We were told that there was a young healthy child who ate well, slept well, said a couple of words, babbled occasionally, had formed a positive attachment to its carer, with no known medical condition. The child had been removed from his birth family at a very young age. We were told that the child had slight delay which was likely to be caused by being in a placement with demanding siblings. Information regarding the child was ‘drip fed’ to us over a period of months.
Why were genetic tests then needed and what did you make of that?

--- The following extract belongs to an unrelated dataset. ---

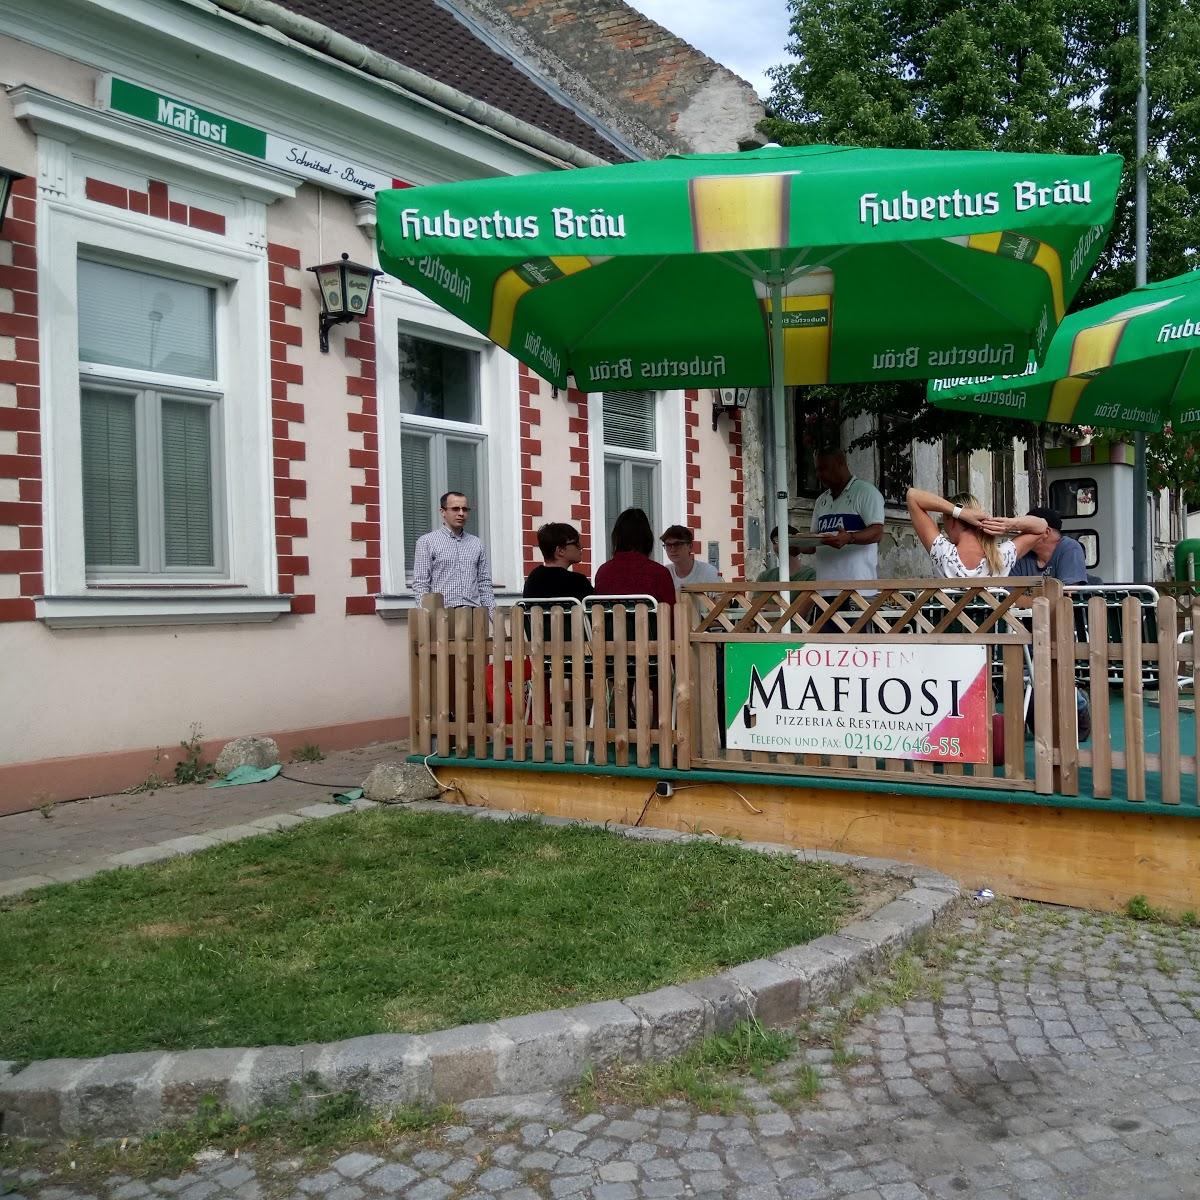 Restaurant "Pizzeria Restaurant Mafiosi" in Wilfleinsdorf

During discussions regarding the child, we enquired as to the health of the siblings. There was a lot of confusion as to whether one of the siblings had been diagnosed with a condition or not, and trying to get this confirmed during the matching process was difficult. We obviously were concerned whether the condition may affect the child we were considering adopting. We were assured that our child did not have the condition and believed that our child would have been properly assessed prior to being matched and so we proceeded. The day came to attend panel to have the match approved, and for us to finally celebrate becoming a family. As we entered the building the social workers met us. We were taken into a side room where we were told that our child was now undergoing genetic testing. We were asked whether we wished to still go ahead in front of the panel to approve the match with one social worker advising it would be ok to go ahead, and our social worker exercising caution, and advising that we should wait for the results. We were numb, confused and totally bewildered and after about 20 minutes, took the decision that we would wait for the results of the genetic tests, to see whether the match was still appropriate. We were devastated.
It was an extremely confusing time for us. Obviously, we had already emotionally committed ourselves to this child and so the thought that this may not be our child, was very difficult. We were solely reliant on the accuracy of information we were being told and this information was mixed and confusing. We had been to see the local authority’s medical advisor before, and the notes from that meeting were written up inaccurately, specifically missing out all information discussed regarding genetics, developmental delay and the medical condition. We reported this to our social worker. At this point in the process I would say we were feeling very vulnerable. The genetic tests came back negative and so the match was able to proceed.